• More than 12,700 tons of trash was cleared from state roadsides during the first year of Gov. Gavin Newsom’s Clean California initiative—a $1.1 billion multiyear cleanup effort that began July 2021, according to a July 14 statement from Newsom’s office. This amount would fill enough trash bags to line the California coastline twice, according to the governor’s office, and the initiative itself funded 231 projects to revitalized underserved communities and created nearly 1,500 jobs with more expected in the coming years. “It’s simple: All Californians deserve clean streets. That’s why we’re cleaning up California like never before in our state’s history,” Newsom said in the statement. “I’m proud of the work we’ve done in just one year to make the Golden State a cleaner, safer place to call home—and we’re just getting started.” In the first-year of Clean California, Caltrans collected more than 12,000 tons of litter from the state highway system and hired more than 700 new team members and 470 maintenance positions. California saw 126 beautification projects with a $312 million budget to transform and connect communities, along with local grant projects and adopt-a-highway program, according to the governor’s office. 

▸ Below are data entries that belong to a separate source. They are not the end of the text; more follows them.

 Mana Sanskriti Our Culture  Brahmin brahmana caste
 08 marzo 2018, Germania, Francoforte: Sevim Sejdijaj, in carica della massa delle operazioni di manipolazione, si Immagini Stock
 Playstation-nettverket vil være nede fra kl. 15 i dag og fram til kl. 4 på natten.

• U.S. Rep. Salud Carbajal voted to approve two bills he co-sponsored in the U.S. House of Representatives to affirm the right to keep reproductive health care choices between a patient and a doctor, according to a July 15 statement from the congressman’s office. The first of the two bills would codify a nationwide right to abortion and the other would secure a patient’s right to travel nationally for reproductive health care without interference or fear of prosecution. “In the weeks since members of the radical Supreme Court chose to break its own vow to uphold Roe as settled law, we have seen that far-right Republicans are not interested in stopping here,” Carbajal said in the statement. “There are now nationwide abortion bans being championed in Congress, at least nine states have banned abortion outright and more plan to imminently, and millions of women now live in communities hundreds of miles from the nearest reproductive health provider. I have fought to codify the rights to privacy and abortion access in Congress, and I continue to with these votes today.”

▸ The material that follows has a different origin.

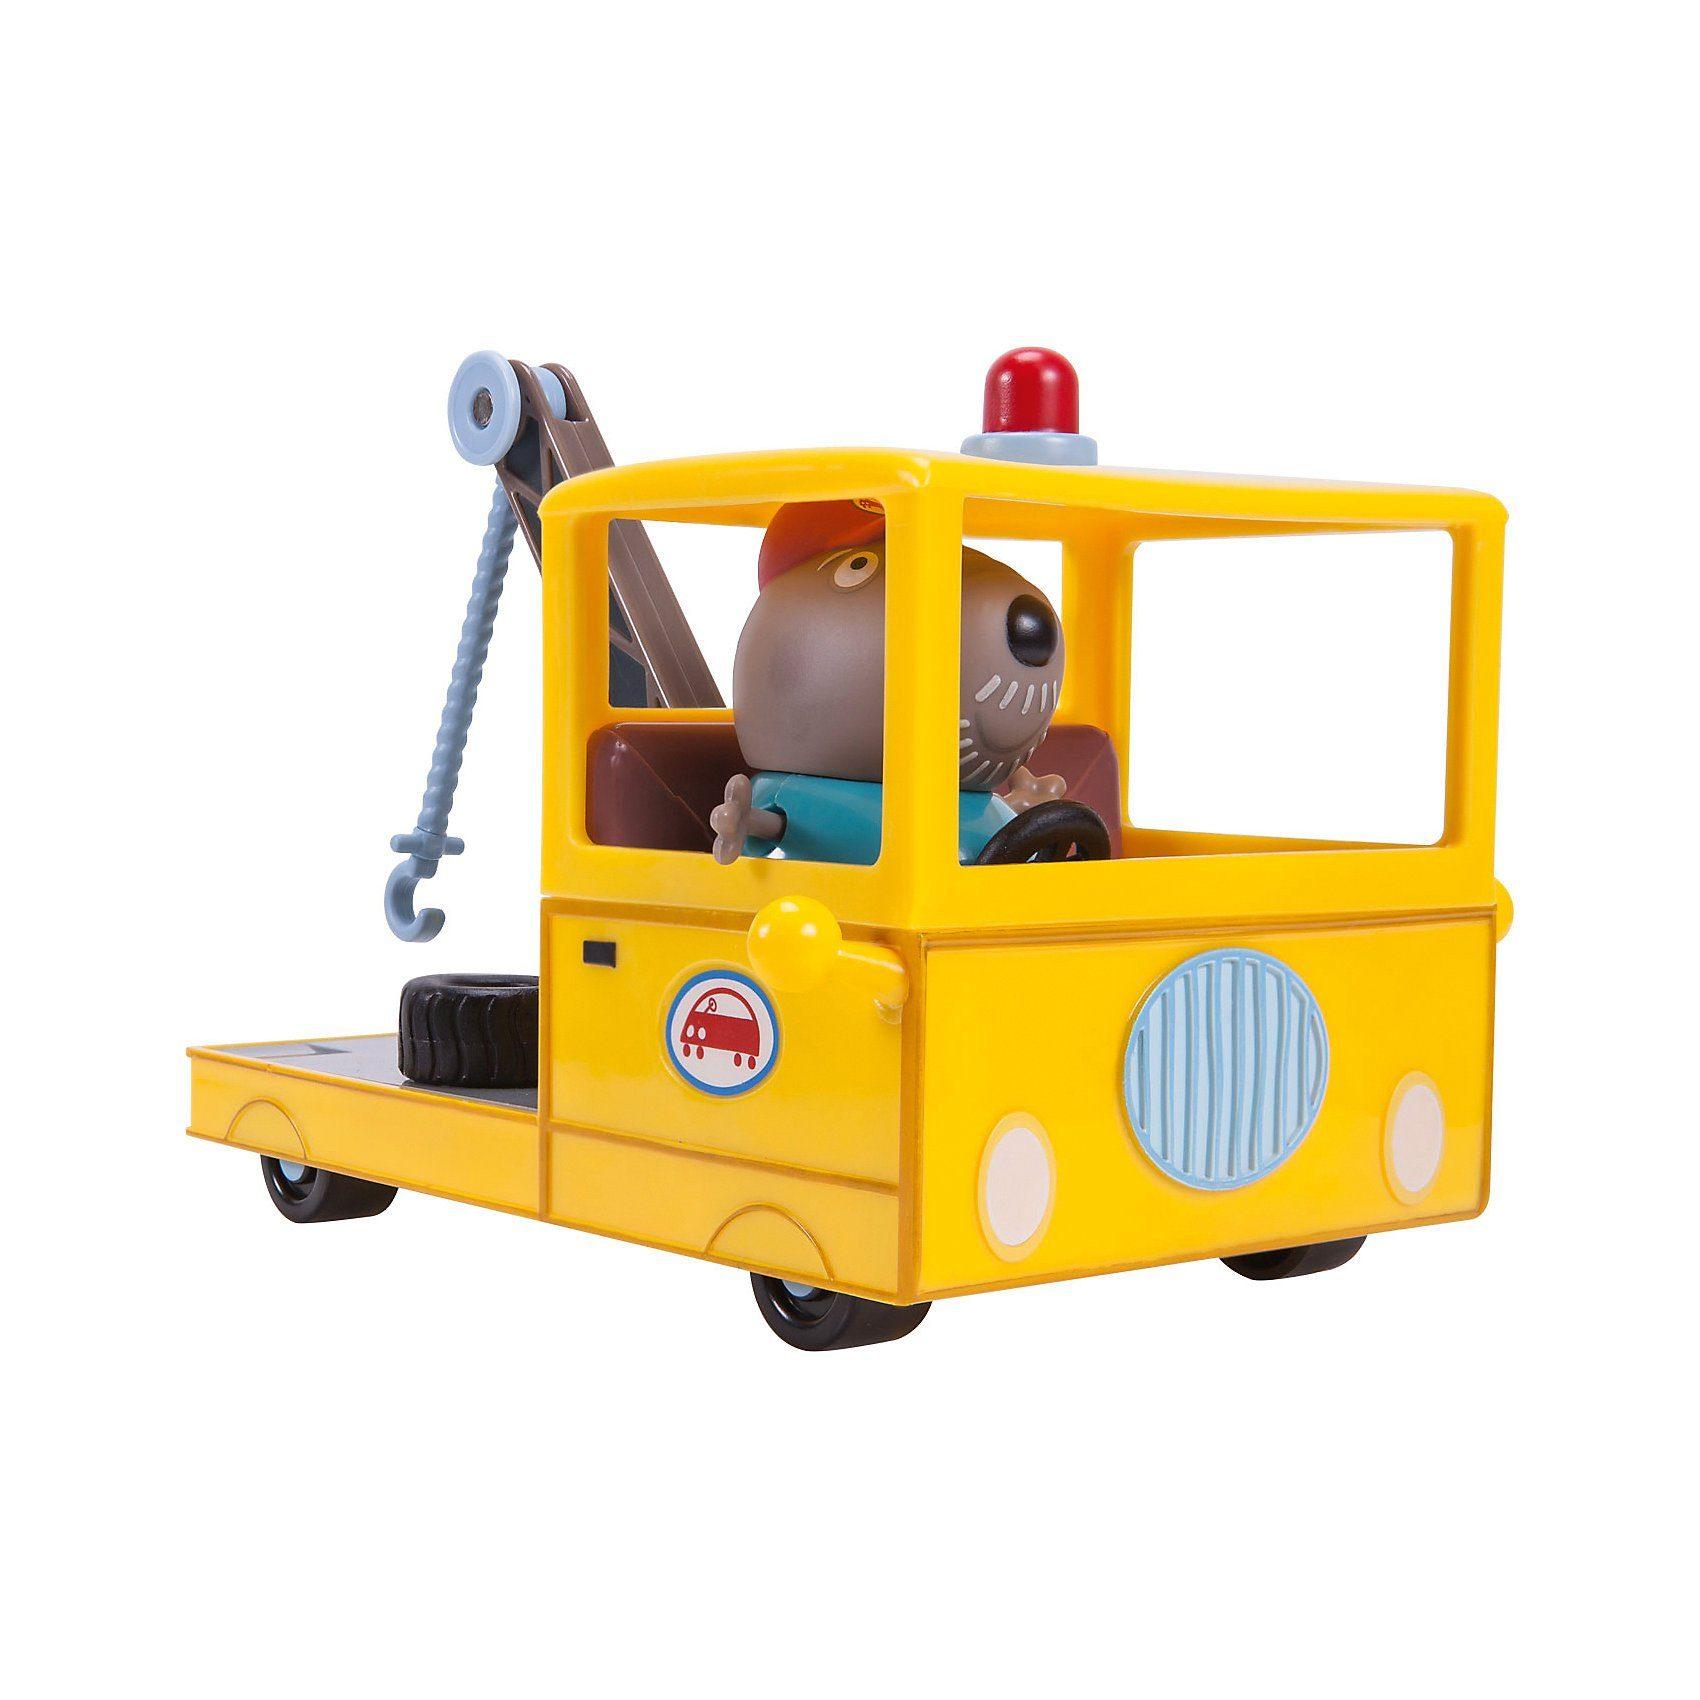 Jazwares PEPPA - Opa Kläffs 15 cm langer Abschleppwagen mit 1 Spielf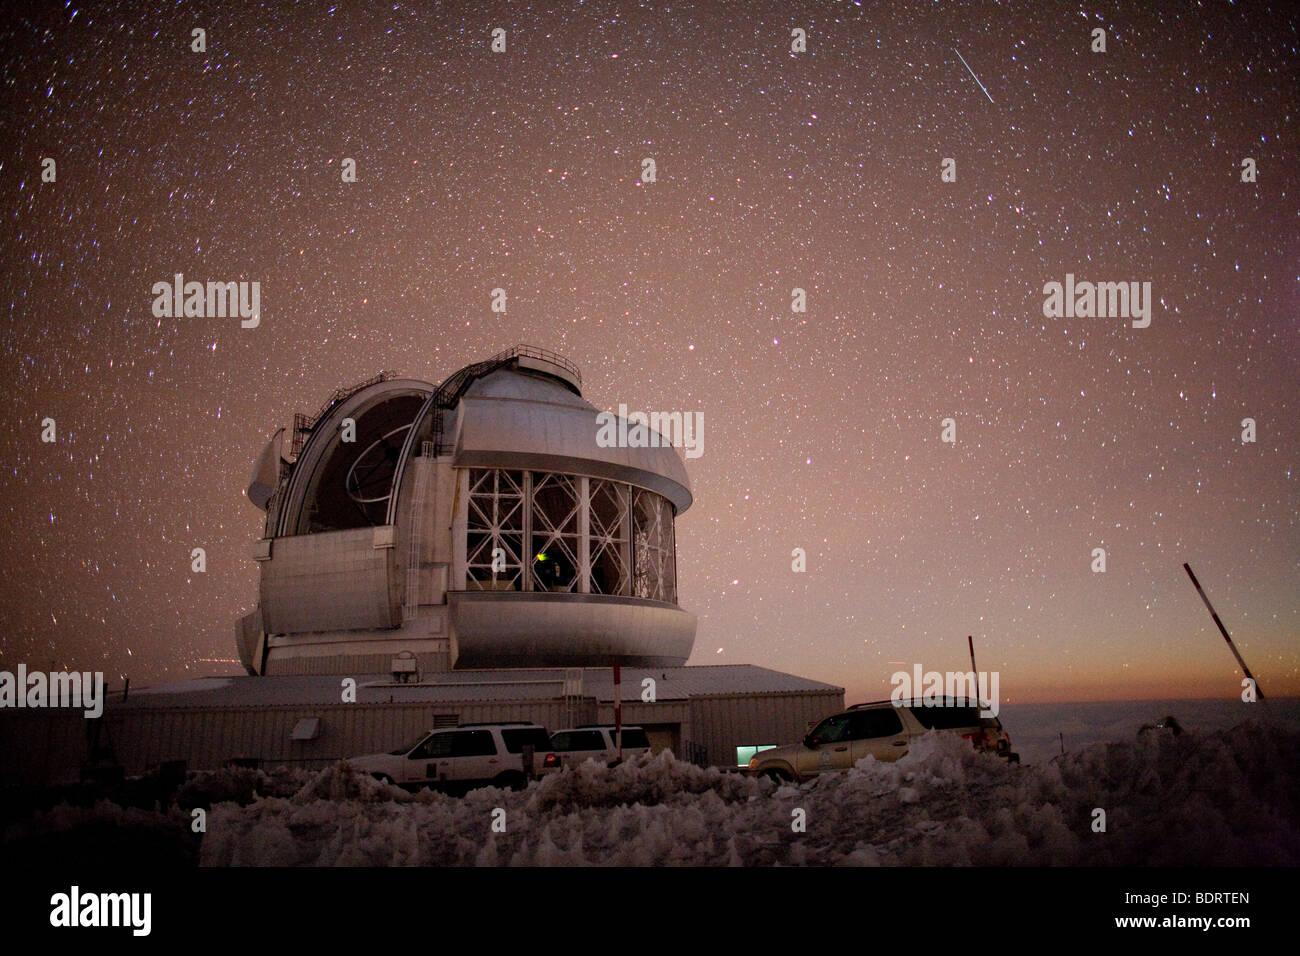 La nuit sur le Mauna Kea, montrant le télescope Gemini avec la lumière du lever de lune visible dans l'Est Photo Stock

• U.S. Sen. Alex Padilla along with several of his colleagues sent a letter to Attorney General Merrick Garland, commending the U.S. Department of Justice’s restoration of supplemental environmental projects—which advance environmental justice and environmental law—and outlined recommendations to improve the program, according to a July 13 statement from the senator’s office. Examples of successful supplemental environmental projects include setting up health clinics, expanding community air monitoring or school air filters, providing mobile asthma vans, and funding equitable home buyouts. “Enforcement of the nation’s bedrock environmental laws is essential to protecting fence-line communities, especially communities of color, low-income communities, and tribal communities,” the letter stated. “Under your leadership, we believe that the [Department of Justice] and [Environmental Protection Agency] can rebuild what it means to enforce environmental laws in a manner that provides tangible benefits to the communities harmed by the violations.” This continues to be important as communities grapple with the pandemic’s effects, which have harmed the same communities who face toxic air, water, and chemical pollution, the senators added.